━━━ SUPPLIED ENTRIES

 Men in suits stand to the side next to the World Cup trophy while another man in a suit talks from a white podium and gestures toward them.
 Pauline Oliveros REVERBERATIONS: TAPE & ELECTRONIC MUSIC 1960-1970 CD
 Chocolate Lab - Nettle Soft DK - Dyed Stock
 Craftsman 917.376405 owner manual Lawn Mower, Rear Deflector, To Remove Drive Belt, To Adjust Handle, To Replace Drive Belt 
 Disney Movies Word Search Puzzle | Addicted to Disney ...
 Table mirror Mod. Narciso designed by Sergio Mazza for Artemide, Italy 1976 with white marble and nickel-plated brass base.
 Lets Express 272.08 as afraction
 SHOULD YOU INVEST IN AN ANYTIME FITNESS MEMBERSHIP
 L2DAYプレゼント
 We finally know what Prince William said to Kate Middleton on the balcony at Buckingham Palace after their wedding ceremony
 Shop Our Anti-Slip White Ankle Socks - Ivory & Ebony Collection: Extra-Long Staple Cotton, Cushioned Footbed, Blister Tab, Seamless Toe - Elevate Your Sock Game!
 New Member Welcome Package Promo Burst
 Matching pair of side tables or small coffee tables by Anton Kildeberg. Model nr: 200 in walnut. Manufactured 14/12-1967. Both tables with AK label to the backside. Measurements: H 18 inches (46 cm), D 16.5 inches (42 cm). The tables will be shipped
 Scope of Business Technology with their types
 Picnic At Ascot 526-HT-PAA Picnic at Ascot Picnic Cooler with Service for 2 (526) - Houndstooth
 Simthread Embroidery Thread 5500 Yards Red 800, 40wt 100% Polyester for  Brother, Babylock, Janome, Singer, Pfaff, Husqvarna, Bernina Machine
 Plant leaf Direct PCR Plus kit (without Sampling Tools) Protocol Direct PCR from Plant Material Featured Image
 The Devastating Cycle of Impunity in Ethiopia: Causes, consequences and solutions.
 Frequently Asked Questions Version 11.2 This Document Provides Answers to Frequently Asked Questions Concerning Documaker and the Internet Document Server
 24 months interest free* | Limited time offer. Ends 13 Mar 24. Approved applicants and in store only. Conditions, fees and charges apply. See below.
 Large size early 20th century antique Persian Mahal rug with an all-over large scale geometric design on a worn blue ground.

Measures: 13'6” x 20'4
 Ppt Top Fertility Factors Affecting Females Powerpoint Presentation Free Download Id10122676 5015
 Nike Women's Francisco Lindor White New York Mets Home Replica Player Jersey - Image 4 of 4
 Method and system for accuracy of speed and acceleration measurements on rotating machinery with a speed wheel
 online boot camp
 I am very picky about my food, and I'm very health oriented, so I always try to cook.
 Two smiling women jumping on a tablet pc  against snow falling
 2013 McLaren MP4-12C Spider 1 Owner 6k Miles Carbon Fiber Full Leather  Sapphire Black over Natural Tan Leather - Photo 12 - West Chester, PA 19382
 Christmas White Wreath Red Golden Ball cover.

━━━━━━

# WHAT NEEDS TO BE DONE
Copy each entry above exactly, character for character.

# REPLY TO THE EXERCISE
 Men in suits stand to the side next to the World Cup trophy while another man in a suit talks from a white podium and gestures toward them.
 Pauline Oliveros REVERBERATIONS: TAPE & ELECTRONIC MUSIC 1960-1970 CD
 Chocolate Lab - Nettle Soft DK - Dyed Stock
 Craftsman 917.376405 owner manual Lawn Mower, Rear Deflector, To Remove Drive Belt, To Adjust Handle, To Replace Drive Belt 
 Disney Movies Word Search Puzzle | Addicted to Disney ...
 Table mirror Mod. Narciso designed by Sergio Mazza for Artemide, Italy 1976 with white marble and nickel-plated brass base.
 Lets Express 272.08 as afraction
 SHOULD YOU INVEST IN AN ANYTIME FITNESS MEMBERSHIP
 L2DAYプレゼント
 We finally know what Prince William said to Kate Middleton on the balcony at Buckingham Palace after their wedding ceremony
 Shop Our Anti-Slip White Ankle Socks - Ivory & Ebony Collection: Extra-Long Staple Cotton, Cushioned Footbed, Blister Tab, Seamless Toe - Elevate Your Sock Game!
 New Member Welcome Package Promo Burst
 Matching pair of side tables or small coffee tables by Anton Kildeberg. Model nr: 200 in walnut. Manufactured 14/12-1967. Both tables with AK label to the backside. Measurements: H 18 inches (46 cm), D 16.5 inches (42 cm). The tables will be shipped
 Scope of Business Technology with their types
 Picnic At Ascot 526-HT-PAA Picnic at Ascot Picnic Cooler with Service for 2 (526) - Houndstooth
 Simthread Embroidery Thread 5500 Yards Red 800, 40wt 100% Polyester for  Brother, Babylock, Janome, Singer, Pfaff, Husqvarna, Bernina Machine
 Plant leaf Direct PCR Plus kit (without Sampling Tools) Protocol Direct PCR from Plant Material Featured Image
 The Devastating Cycle of Impunity in Ethiopia: Causes, consequences and solutions.
 Frequently Asked Questions Version 11.2 This Document Provides Answers to Frequently Asked Questions Concerning Documaker and the Internet Document Server
 24 months interest free* | Limited time offer. Ends 13 Mar 24. Approved applicants and in store only. Conditions, fees and charges apply. See below.
 Large size early 20th century antique Persian Mahal rug with an all-over large scale geometric design on a worn blue ground.

Measures: 13'6” x 20'4
 Ppt Top Fertility Factors Affecting Females Powerpoint Presentation Free Download Id10122676 5015
 Nike Women's Francisco Lindor White New York Mets Home Replica Player Jersey - Image 4 of 4
 Method and system for accuracy of speed and acceleration measurements on rotating machinery with a speed wheel
 online boot camp
 I am very picky about my food, and I'm very health oriented, so I always try to cook.
 Two smiling women jumping on a tablet pc  against snow falling
 2013 McLaren MP4-12C Spider 1 Owner 6k Miles Carbon Fiber Full Leather  Sapphire Black over Natural Tan Leather - Photo 12 - West Chester, PA 19382
 Christmas White Wreath Red Golden Ball cover.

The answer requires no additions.